Your reply should be the whole listing, copied exactly, with the pictures left out.

*DATA BELOW*
[Start of section]
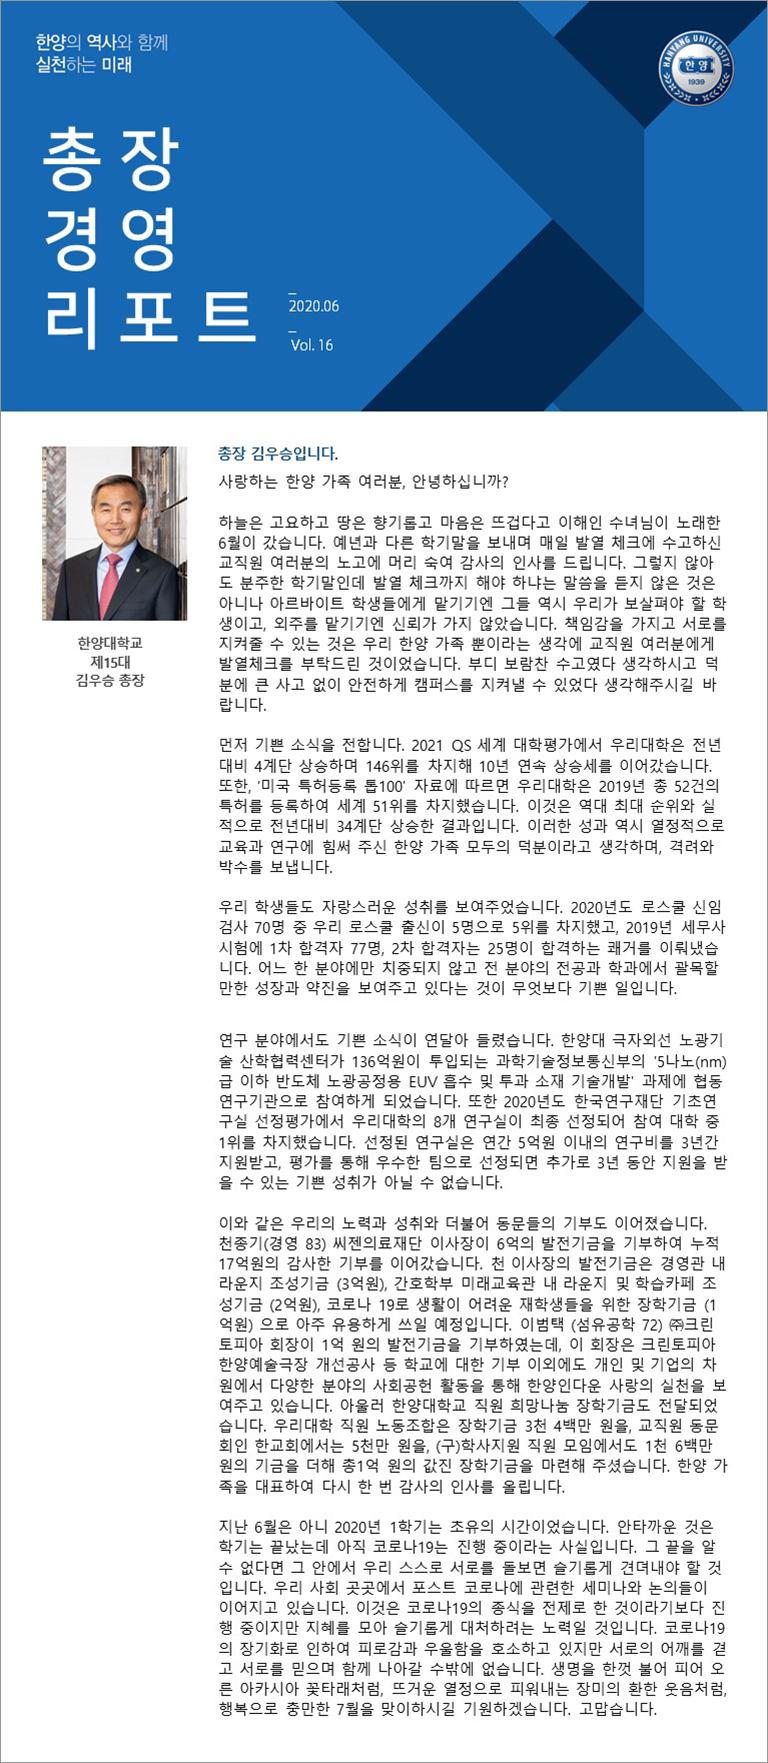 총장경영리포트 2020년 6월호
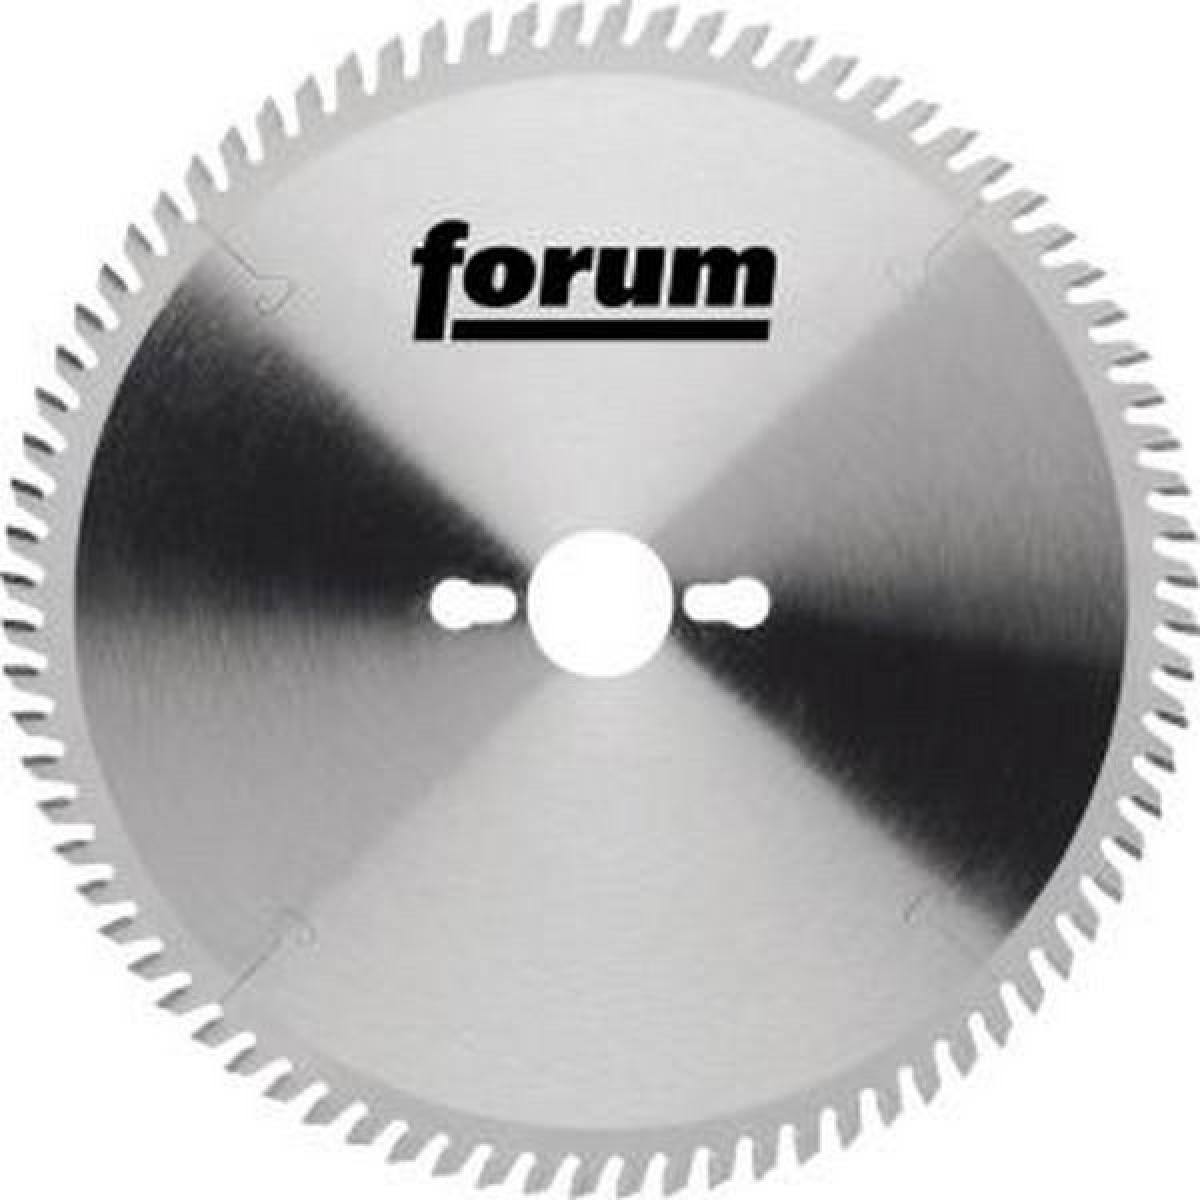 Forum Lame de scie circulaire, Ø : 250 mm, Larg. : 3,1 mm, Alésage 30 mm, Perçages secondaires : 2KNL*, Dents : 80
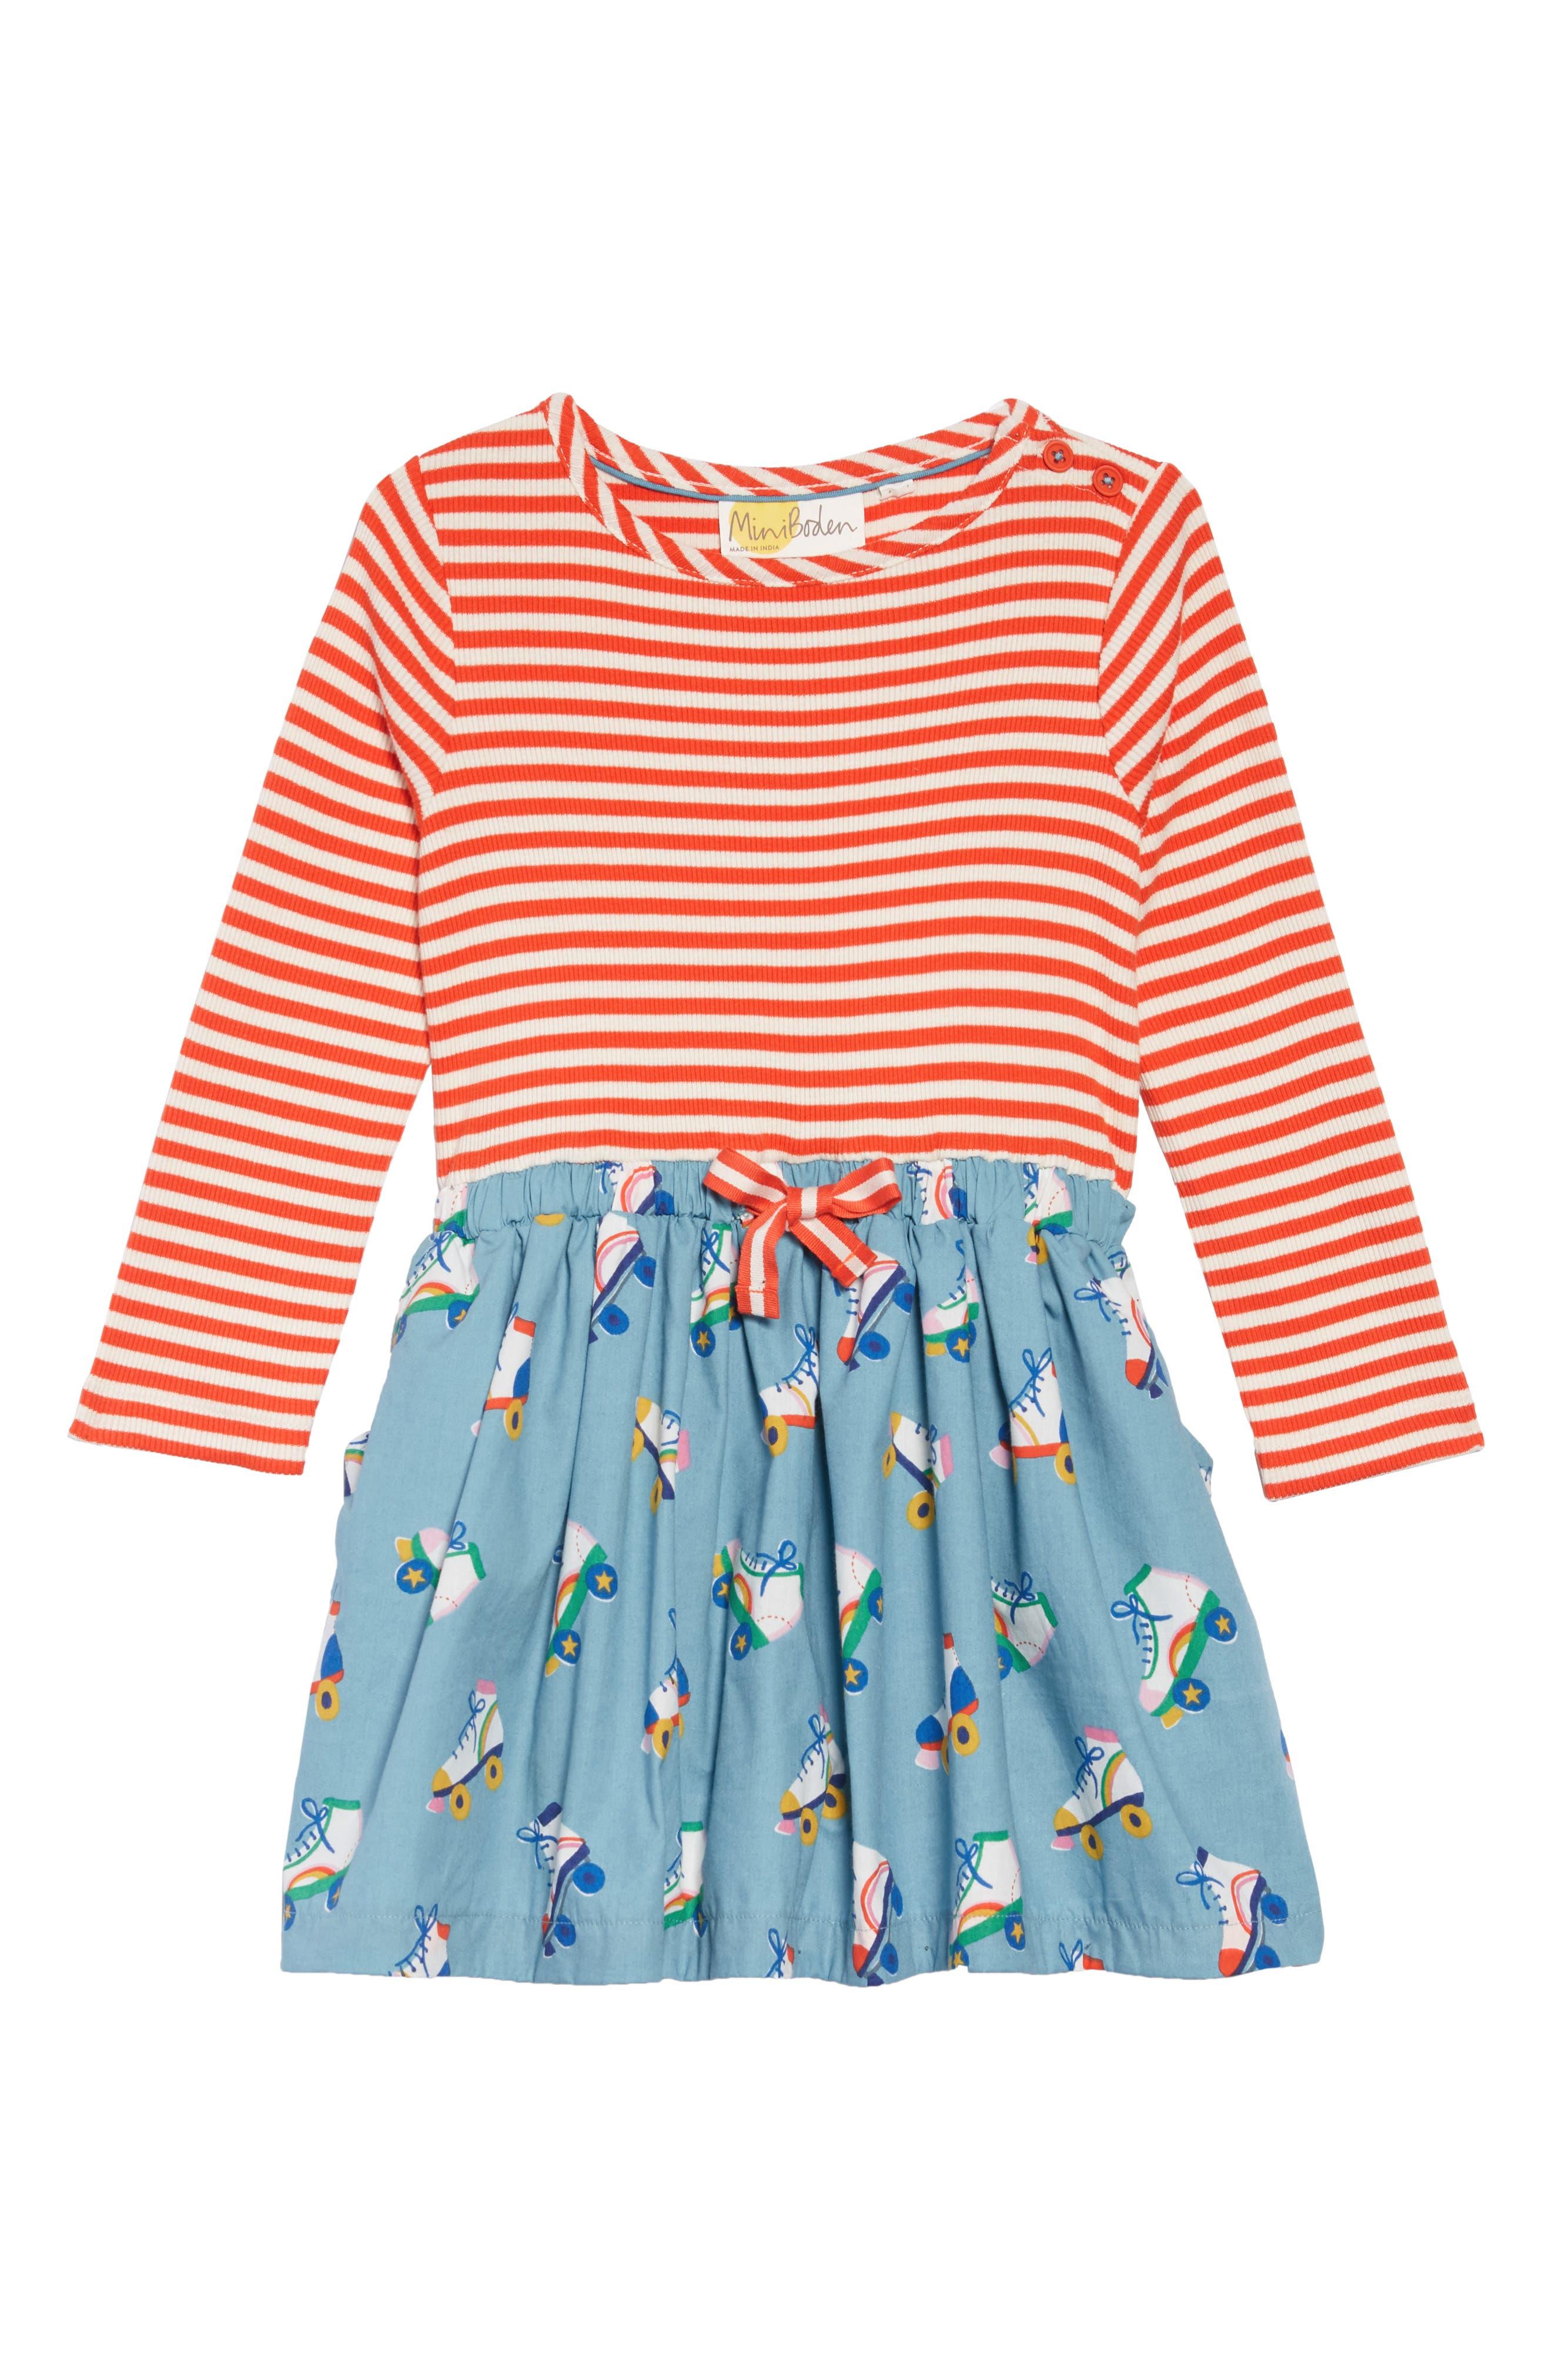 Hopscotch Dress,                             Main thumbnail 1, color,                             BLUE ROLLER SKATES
[End of section]
*EXPECTED ANSWER*
 총장경영리포트 2020년 6월호
 Forum Lame de scie circulaire, Ø : 250 mm, Larg. : 3,1 mm, Alésage 30 mm, Perçages secondaires : 2KNL*, Dents : 80
 Hopscotch Dress,                             Main thumbnail 1, color,                             BLUE ROLLER SKATES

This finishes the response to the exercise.